1 сентября 1948 года Андрей Менакер отправился в школу. Это была 170-я мужская школа (теперь – 49-я средняя школа), в нескольких минутах ходьбы от его дома на Петровке – она располагалась на Пушкинской улице. В этой же школе в разное время учились Марк Розовский, Людмила Петрушевская, Эдвард Радзинский, Василий Ливанов, Геннадий Гладков, Наталья Защипина (одноклассница Миронова) и другие известные ныне деятели отечественной культуры. Соседом Андрея по парте стал Лева Маковский.
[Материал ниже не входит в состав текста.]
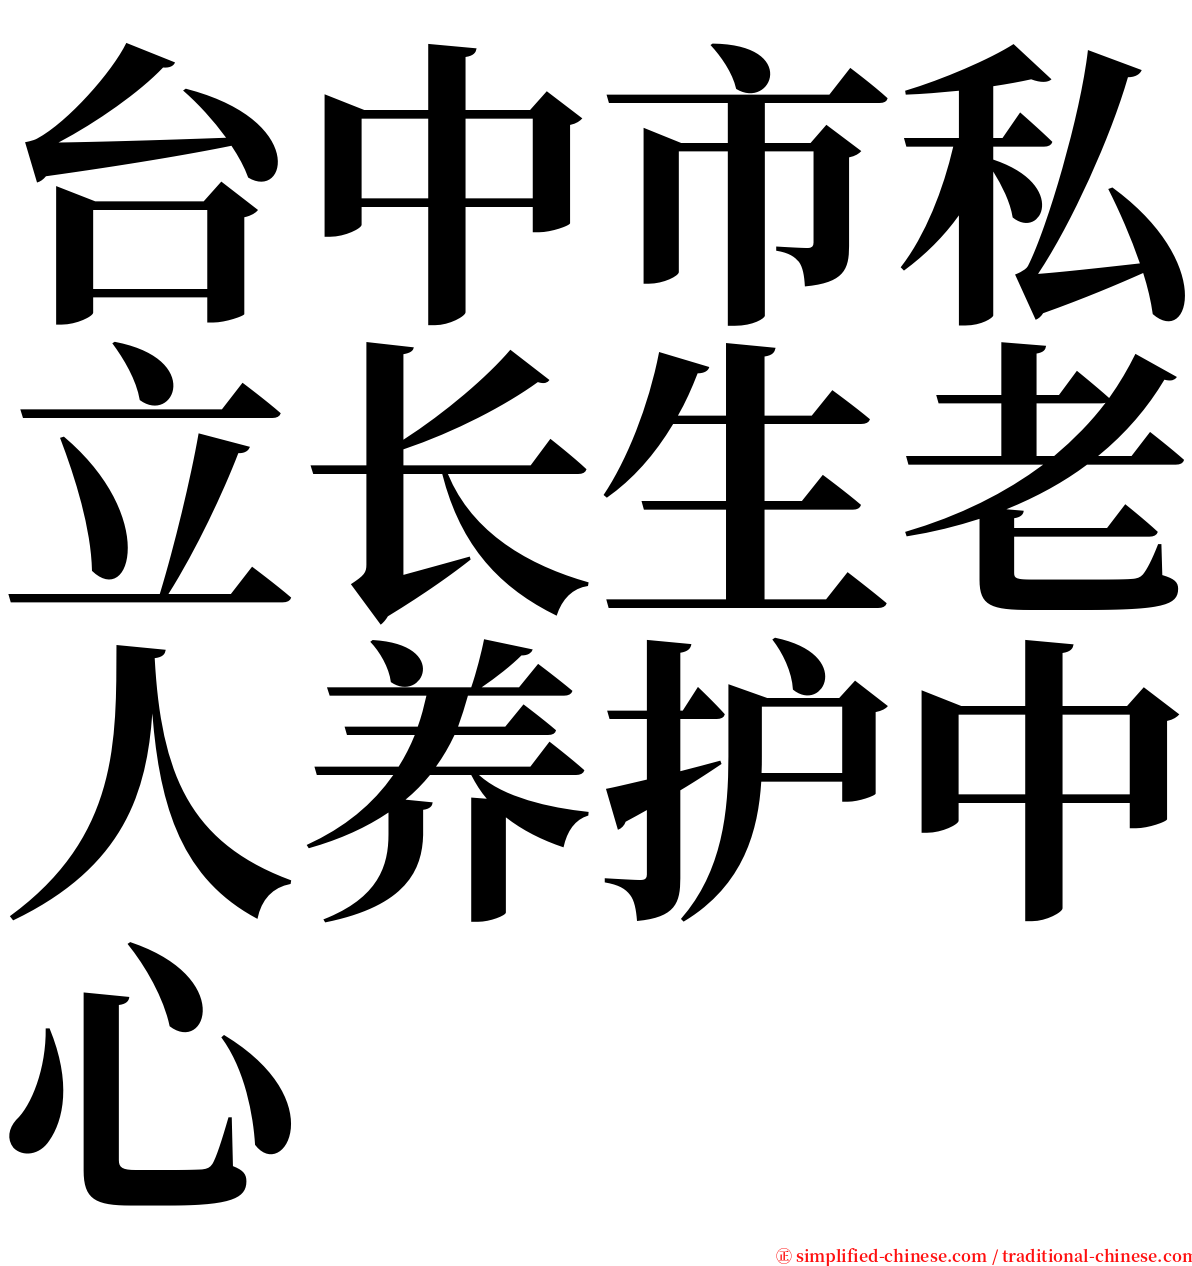 台中市私立长生老人养护中心 serif font
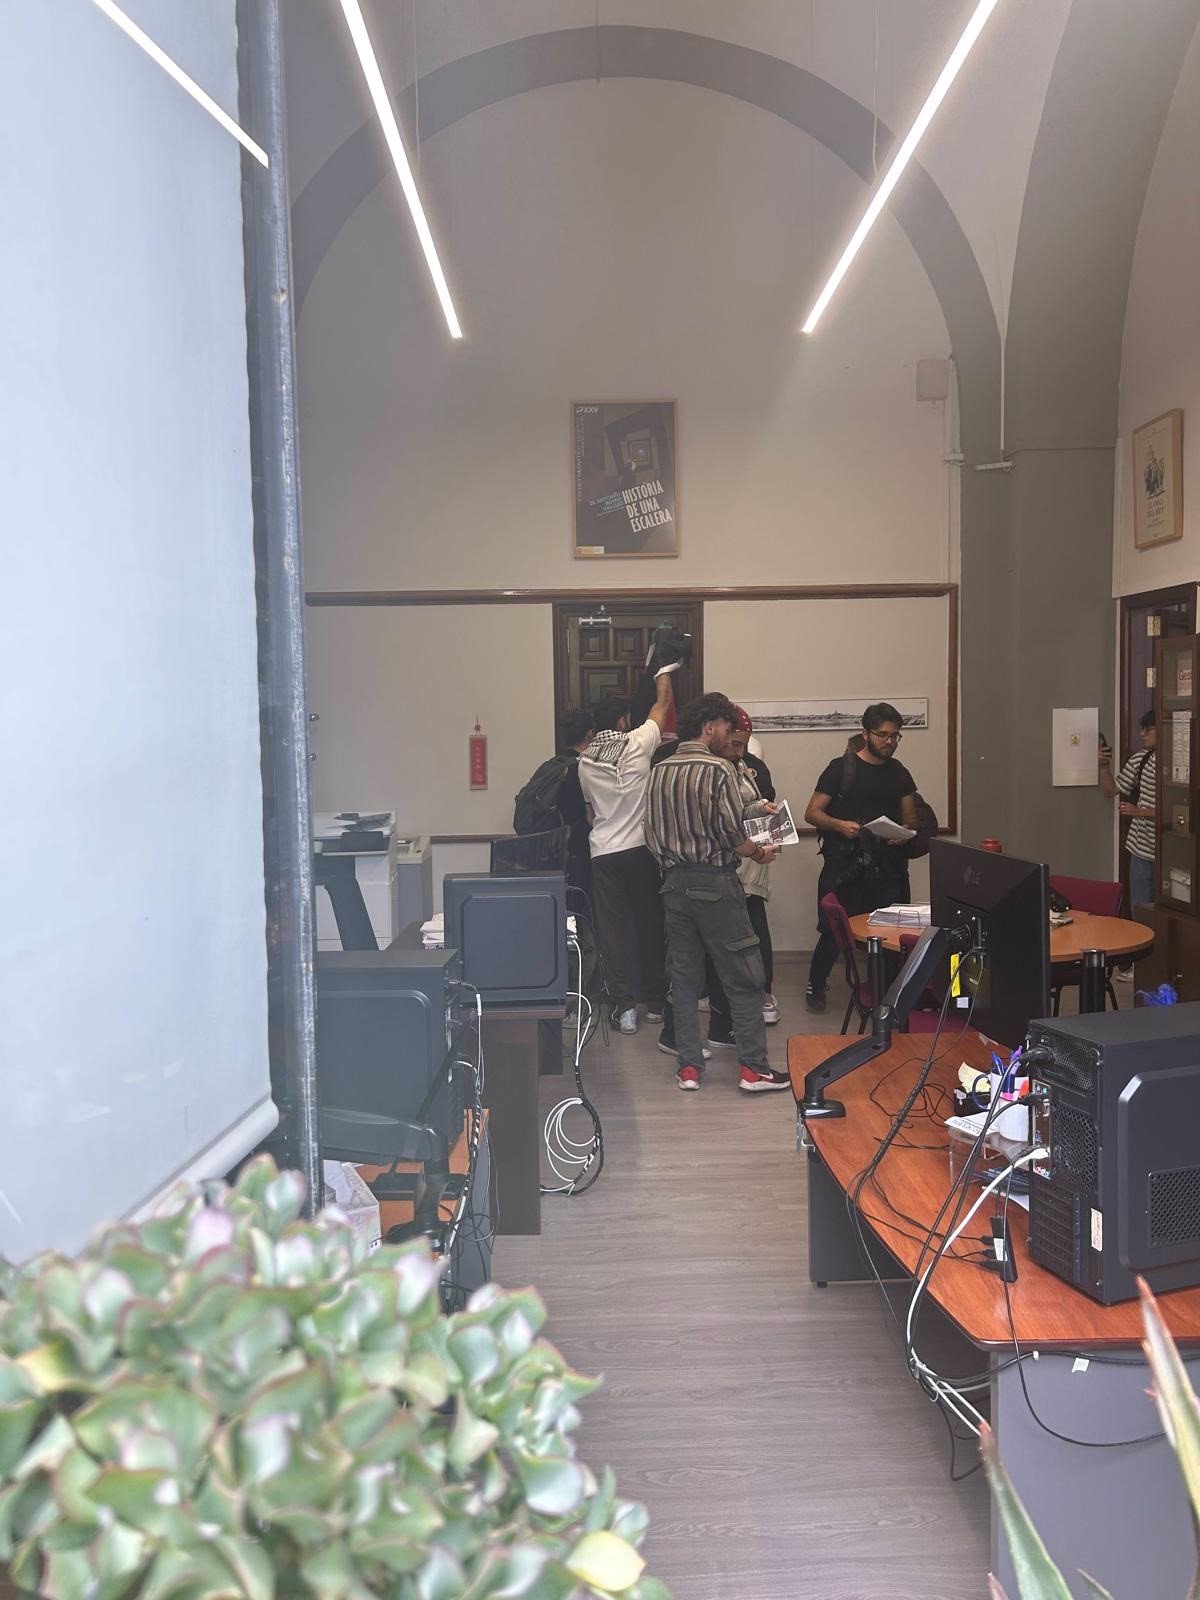 La policía libera la detención de estudiantes pro-Gaza en el decanato de filología de la Universidad de Sevilla.

Стоит отметить, что Андрей пришел в школу под фамилией Менакера, но уже спустя два года, в разгар антиеврейской кампании, развернувшейся в стране, добрые люди из Моссовета посоветовали родителям сменить фамилию мальчика. Так он стал Андреем Мироновым.
Вспоминает Л. Маковский: «Андрей не был поклонником точных наук и техника его мало интересовала (пожалуй, кроме автомобилей), но зато во всем, что касалось театра и кино, литературы и музыки, ему не было равных. Его артистические способности начали проявляться очень рано. Никогда не зубуду, как на дне моего рождения в феврале 1949 года собрались семь-восемь мальчиков-первоклассников. И когда мои родители предложили поднять бокалы с морсом и кому-нибудь произнести тост, все потупились, кроме Андрюши, который встал и громким голосом произнес: „Я поднимаю этот бокал за прекрасных дам!“
Миронов на самом деле чуть ли не с малых лет был дамским угодником. Несмотря на то что в детстве он был чересчур упитанным, даже толстым мальчиком, девочек он любил красивых и эффектных. И никогда этого не скрывал. Он иной раз даже взрослых дам повергал в смущение своим поведением. Так, когда к ним в дом впервые пришли художник Орест Верейский и его симпатичная супруга, первое, что сделал Андрей, – подошел к гостье, щелкнул каблуками и изрек: «Пикантная мордашка!» Родители мальчика смутились от такой бесцеремонности своего отпрыска и бросились объяснять ему бестактность его поведения. А вот гости, как ни странно, наоборот, были в диком восторге от происшедшего. После этого Орест Верейский стал другом Андрея и спустя некоторое время, на ноябрьские праздники 1949 года, повел его на Красную площадь смотреть военный парад. По словам Верейского, «Андрей был неутомим и несмолкаем. Он засыпал меня вопросами, на которые я не успевал бы отвечать, даже если бы знал ответ. Как называется эта штука у дирижера? Это какой род войск? Этот петух – военный атташе какого государства? И так без конца. Я легкомысленно пообещал ответить на все вопросы сразу по пути домой в надежде, что он забудет хоть половину, но он не забыл…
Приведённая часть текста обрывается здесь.